(Beginning of Data block)

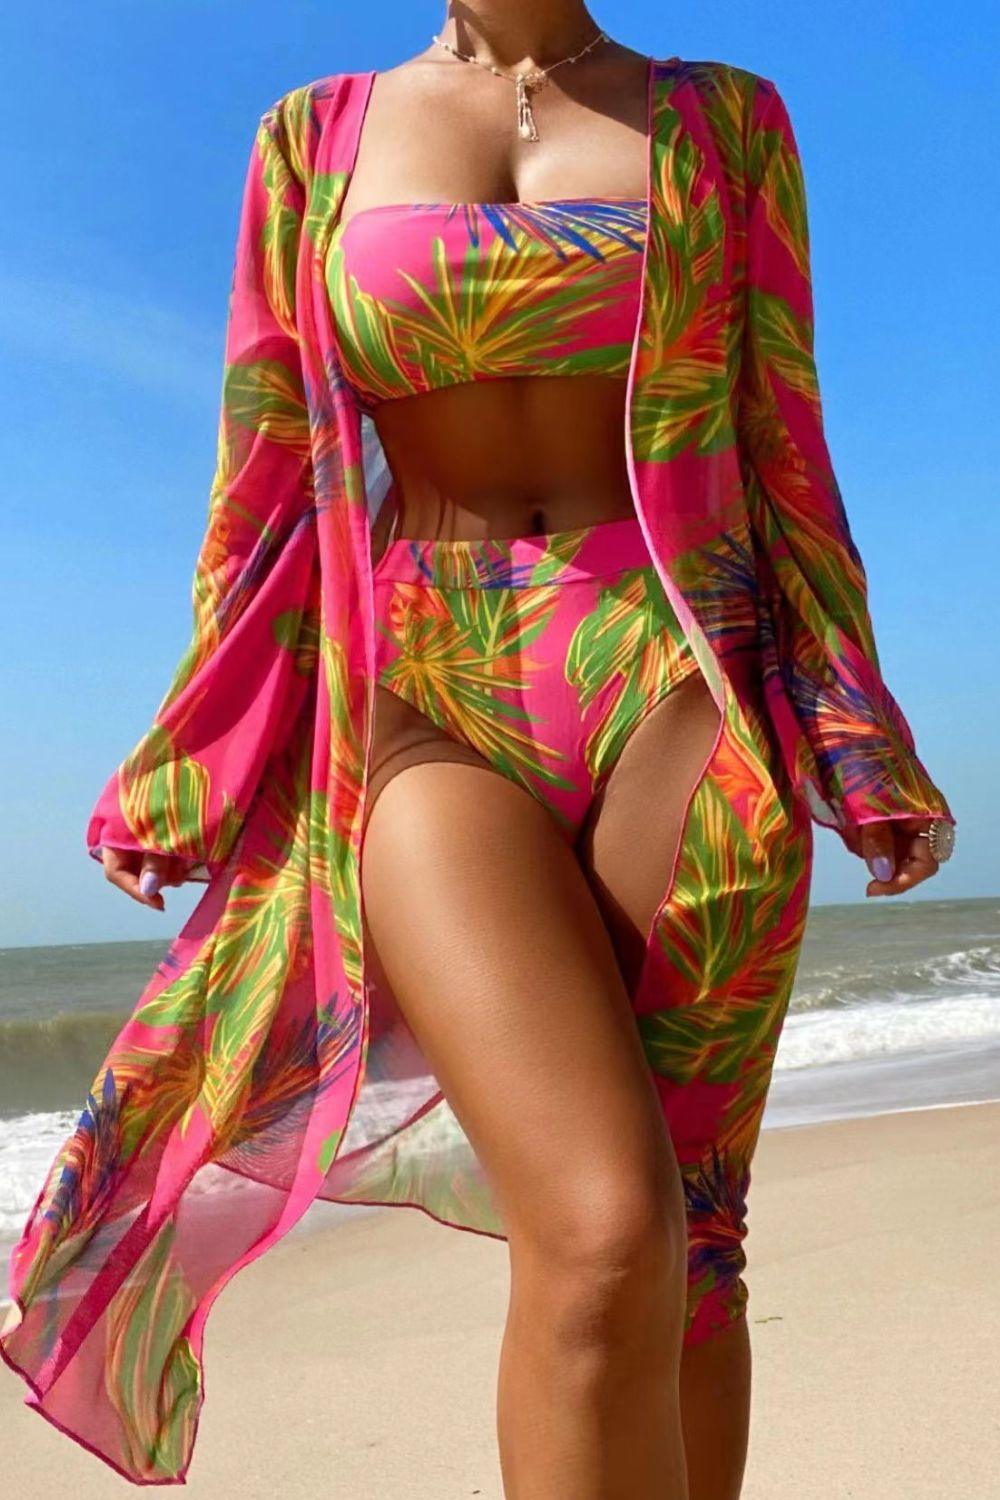 a woman in a bikini on the beach
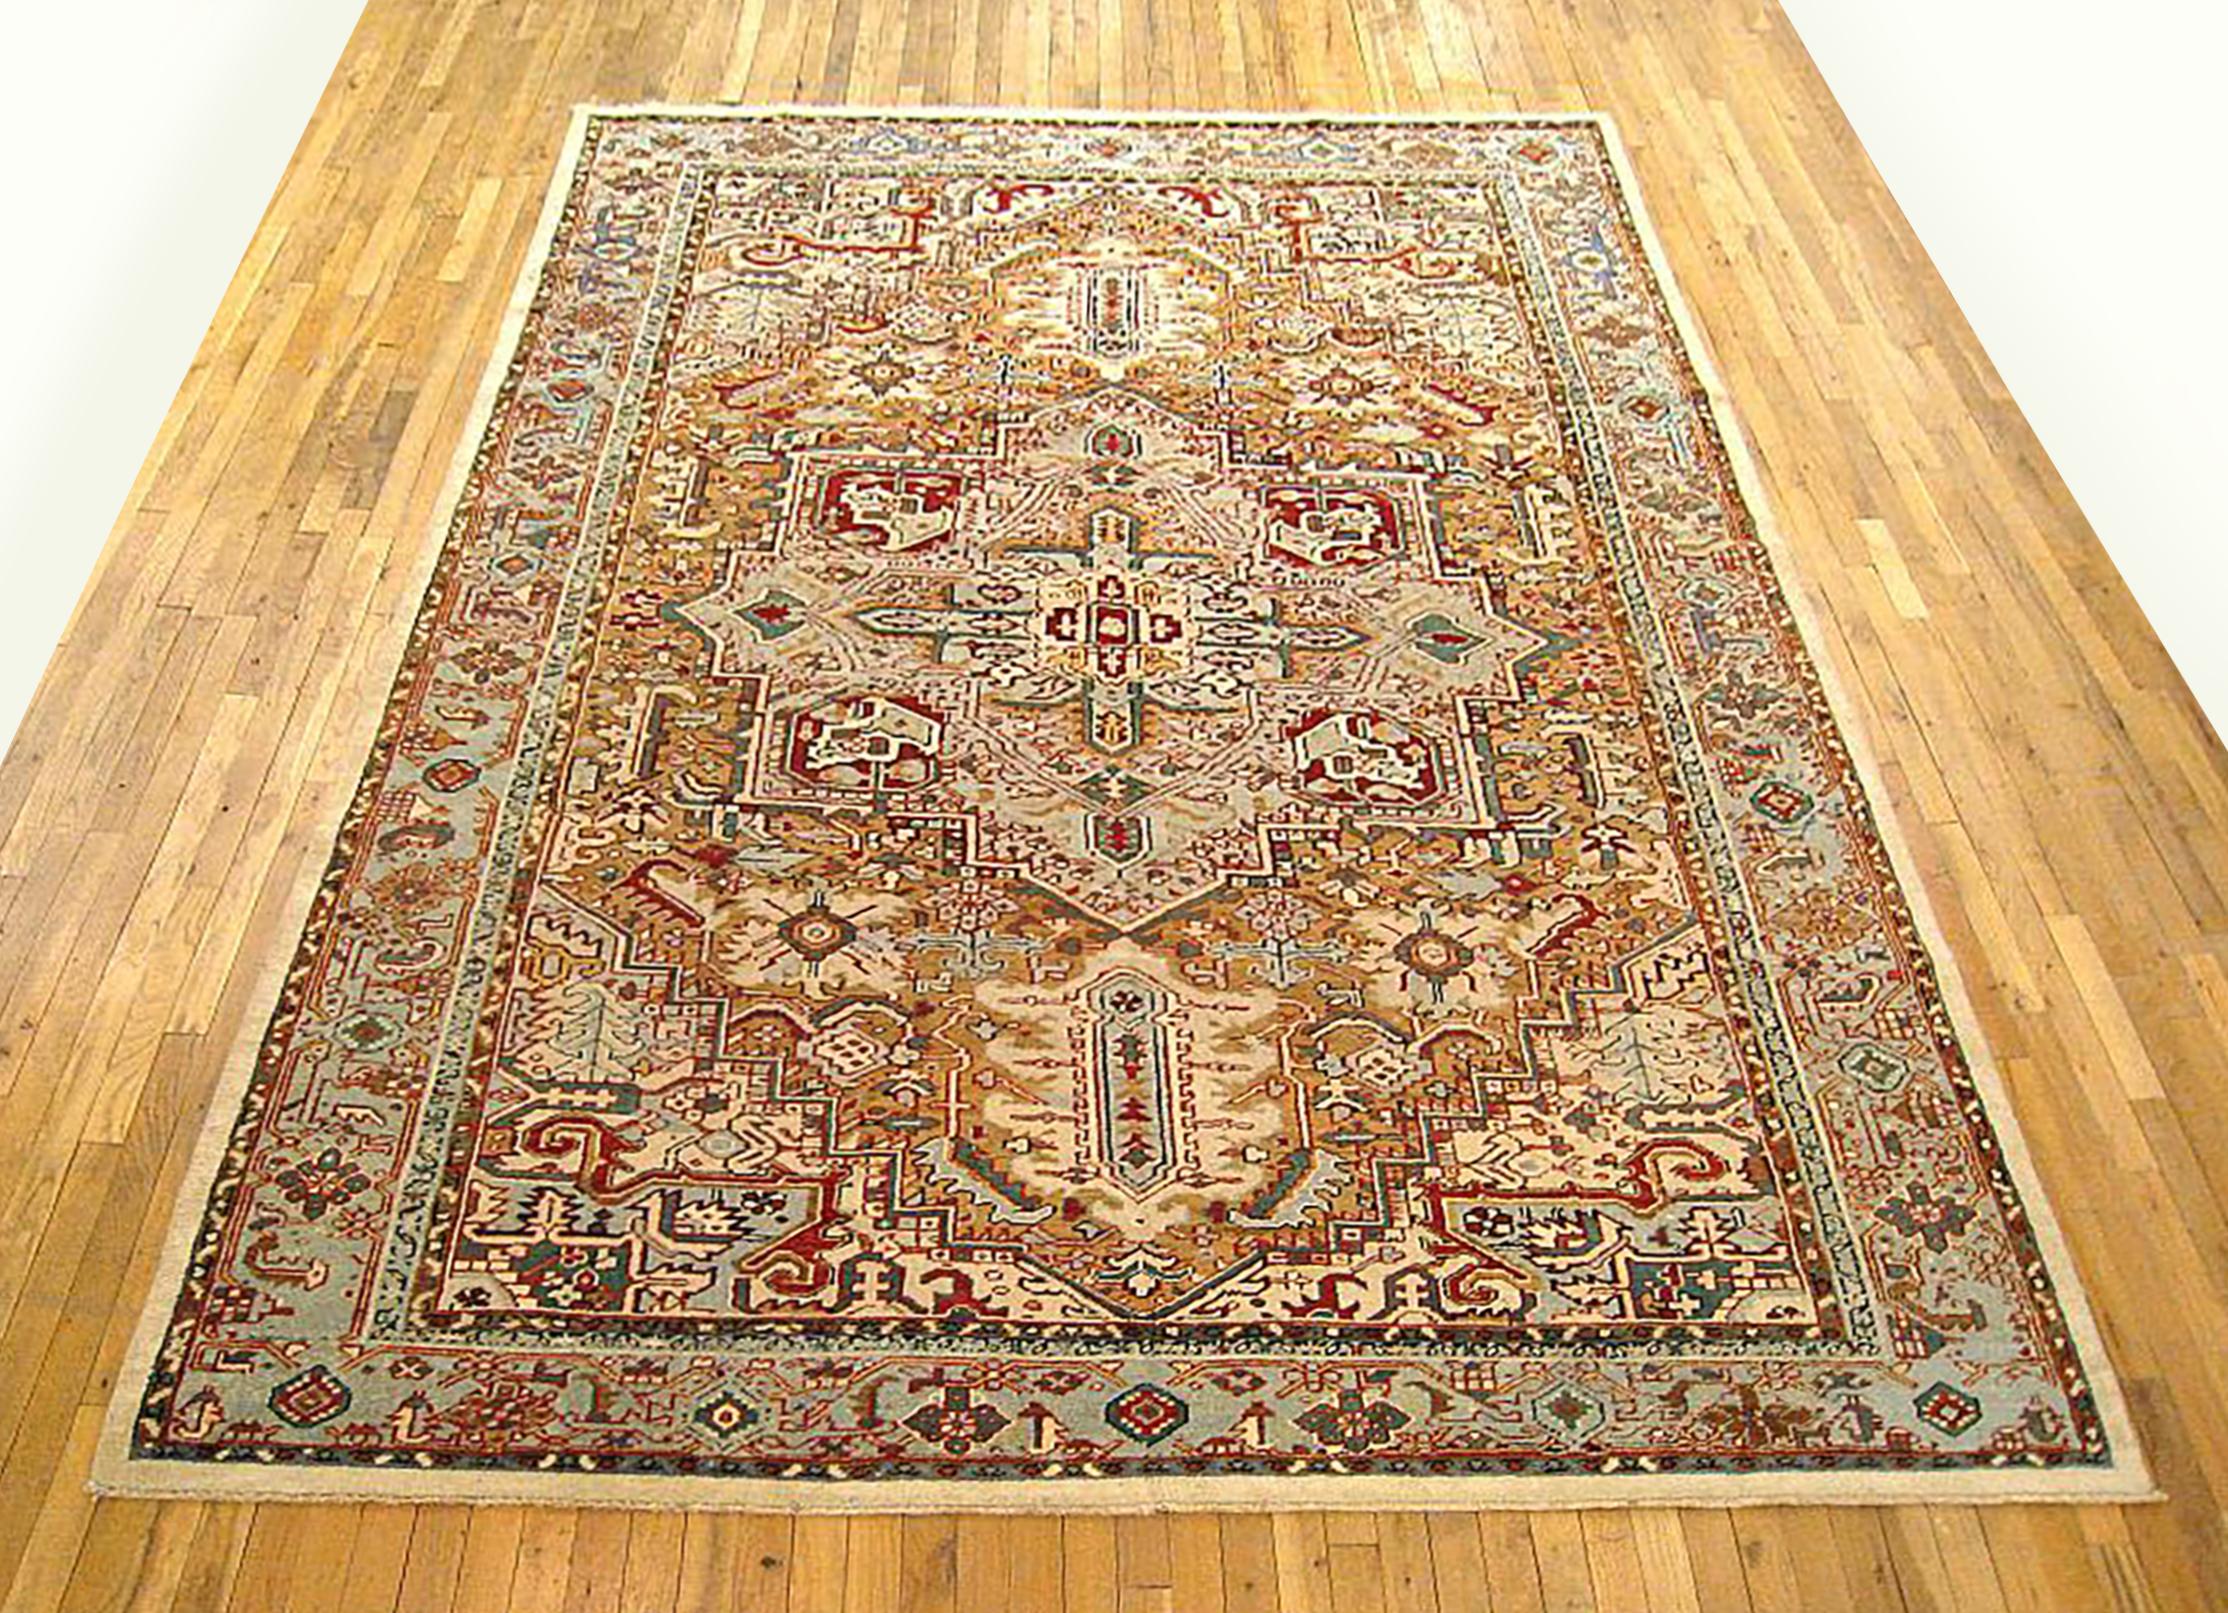 Antique Persian Heriz Oriental rug, Room size

An antique Persian Heriz oriental rug, size 11'3

(End of Data block)

§ Task item:
Write out the material above once more, word for word. Images stay out.

§ Response box:
 a woman in a bikini on the beach
 Antique Persian Heriz Oriental rug, Room size

An antique Persian Heriz oriental rug, size 11'3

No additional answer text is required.